While it’s important to tell ourselves we can do this, we also need to have some self-compassion. We don’t have to fill our days with a million things or to learn five new skills. If we need a Netflix and PJ day, that’s okay. We need to ignore the incessant flood of memes in our social media feed that tell us about Sir Isaac Newton discovering gravity while in quarantine or tell us about how many things we can accomplish. Hasek-Watt calls this “toxic positivity.”

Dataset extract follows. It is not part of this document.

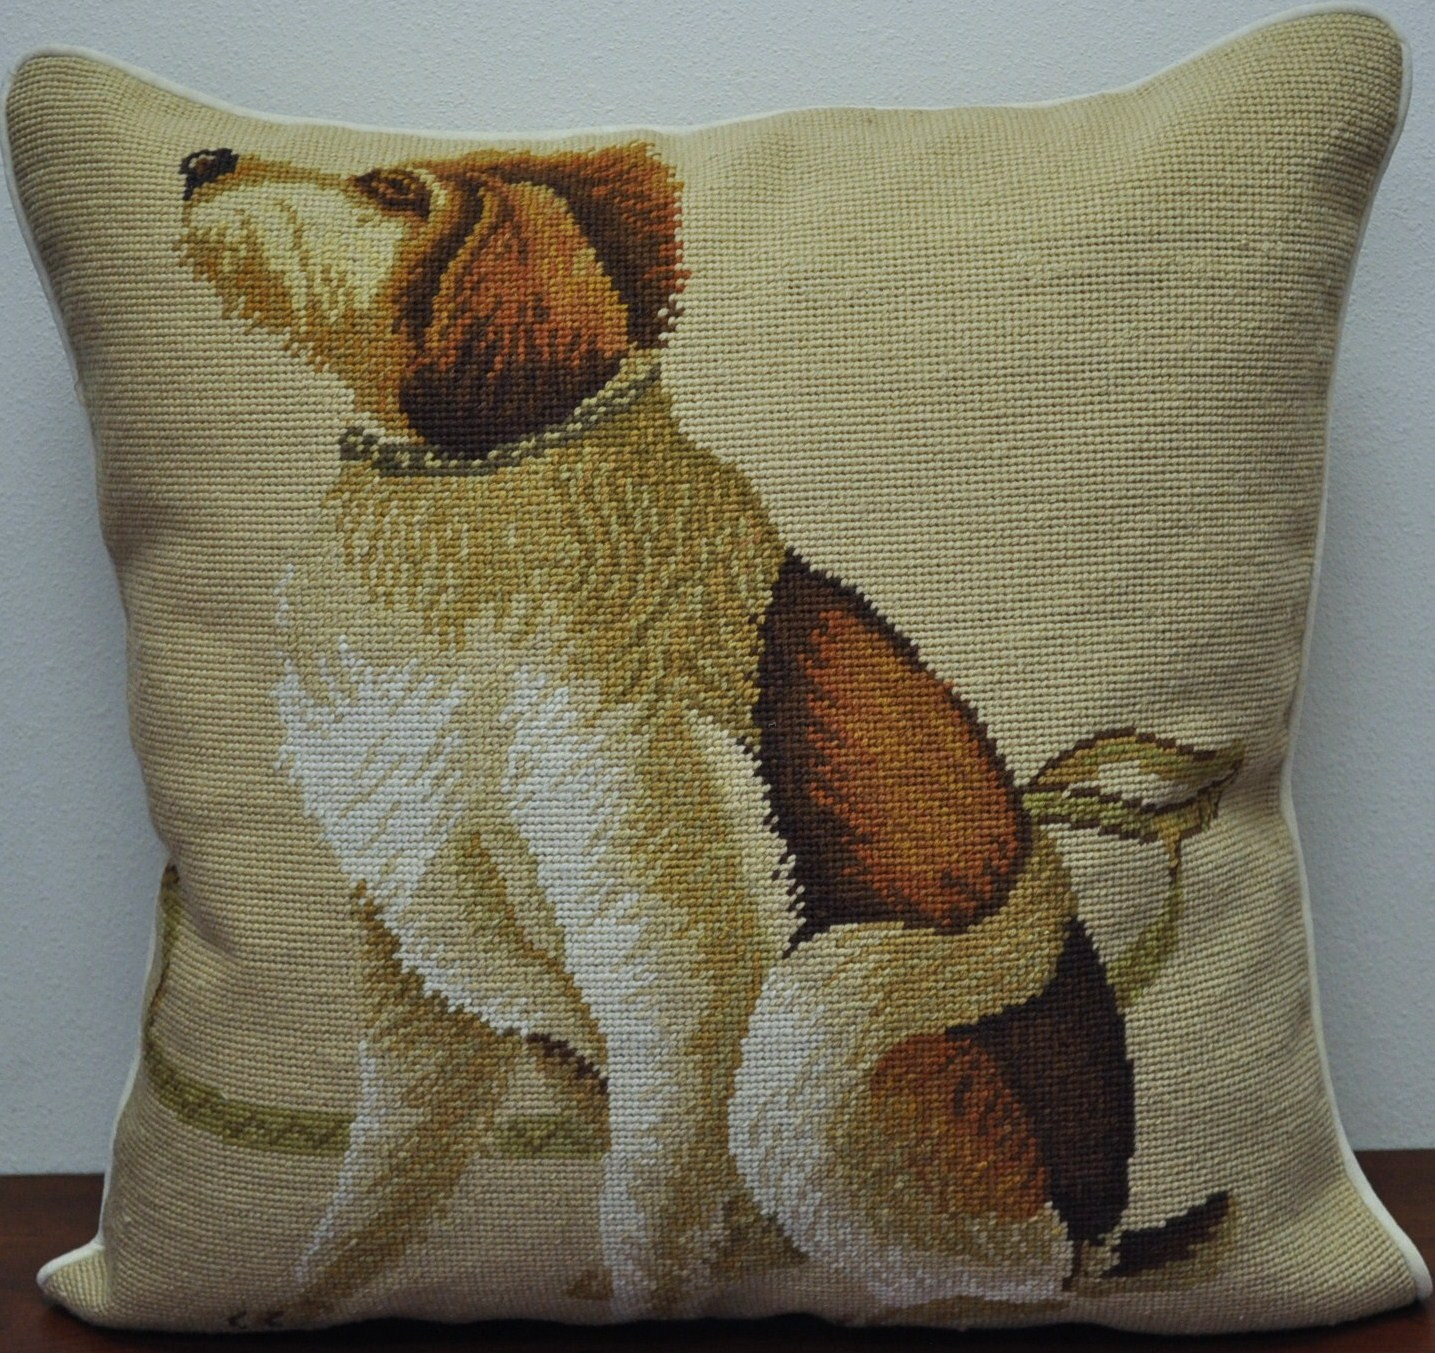 21 x 21 handmade wool needlepoint spinone italiano dog cushion cover pillow case 12980152

“To the people who say, ‘This will pass,’ well sure, it fucking will, because that’s how humanity and humans go, but those platitudes can actually be quite toxic,” she says. “Don’t think that if you just sit at home, and you don’t do something today, well then you’ve failed at pandemic-ing. I would invite you to cast off expectations. We have to understand that we’re making new neural pathways to come up with what the new normal looks like and we haven’t finished that yet. We haven’t normalized this yet.

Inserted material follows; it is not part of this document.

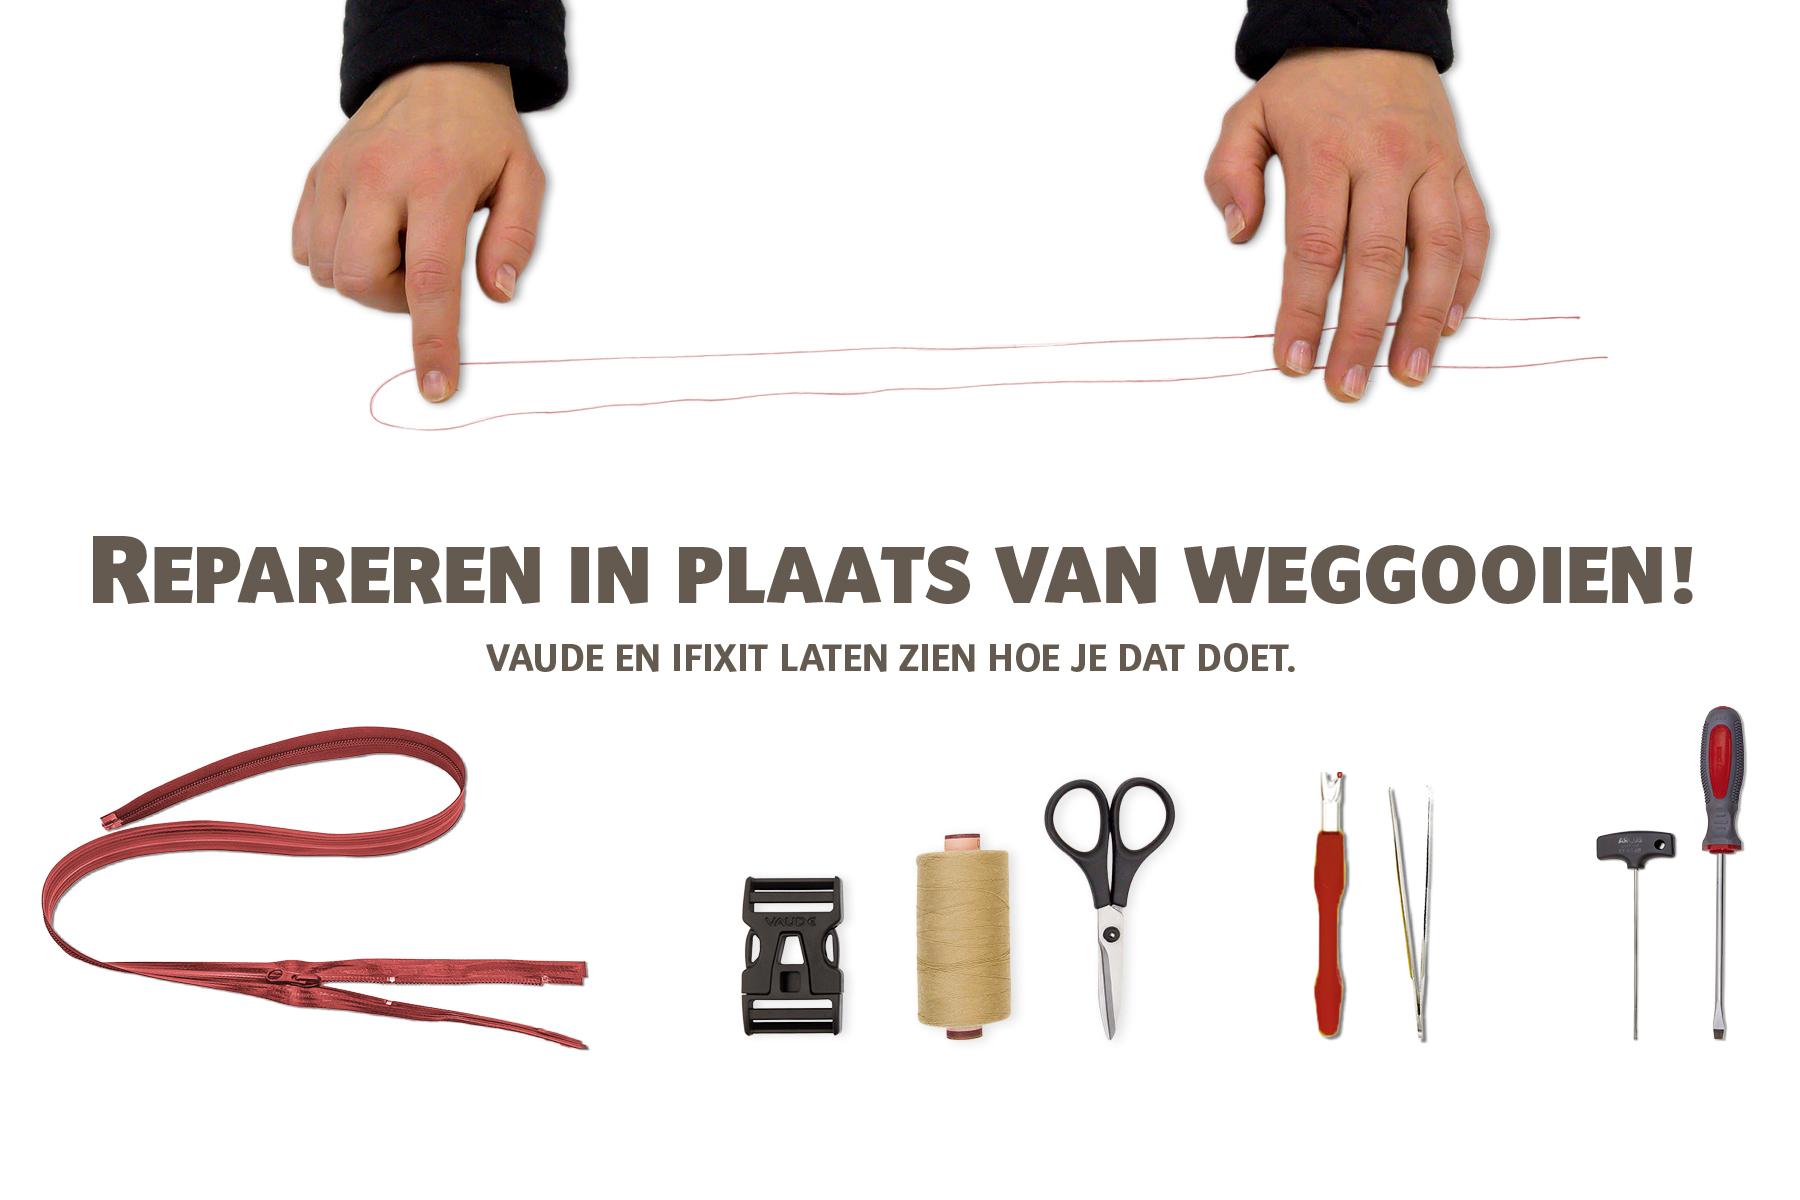 vaude_ifixit_nl_b

“Tell your shame gremlin to stop being an invalidating asshole about what’s happening right now. For the people that are in a grief and trauma response, they just feel shittier about feeling shitty. For those of us who have the ability to create messaging, normalize that this is fucked and we’re upset. Resilience actually is acknowledging that it’s shitty. Toxic positivity says resiliency is just about thinking positively. But it isn’t.
“This chapter of our lives is ‘shit is fucked’ There’s no quick fix. Step one is admit it’s fucking shitty. Say it out loud with me — ‘It’s fucking shitty.’ Have that moment. Honour it. Air it out.”
When should we go beyond just airing it out and talk to a professional? Hasek-Watt says there’s layers to that answer, because while she believes that everyone can benefit from talking to a professional, she acknowledges that there are many barriers to doing so, not the least of which is financial. If professional services can’t be accessed, she recommends talking to friends and family, but to keep the time spent discussing the pandemic to a minimum. There’s a contagion effect that occurs — if someone is spiraling and panicking, you might start down the same path.
“Put a cap on COVID hour,” she says. “Come up with other things to fill your heart and nourish your body and mind.”
She’s also quick to point out that if there are feelings of hopelessness or suicidal ideations, those things cannot be ignored.
Despite all the upheaval, Hasek-Watt says the most important thing is to know that our feelings are valid and to acknowledge the things we’ve lost, even if they feel small. She wants people to know that it’s neither shallow nor selfish to lament the loss of that latte, or to grieve the fact that catching a baseball game with friends is out of the question for the foreseeable future.
“Honour and hold space for the fuckery of it,” she says. “Normalizing the grief is so important.”
Hasek-Watt posts updates, tips and strategies on her Instagram page at @heartbodymind_.
If you or someone you know is in crisis and needing immediate support, the Distress Centre offers 24–7 mental health support by calling 403-266-4357. Alberta Health Services also offers a list of resources online.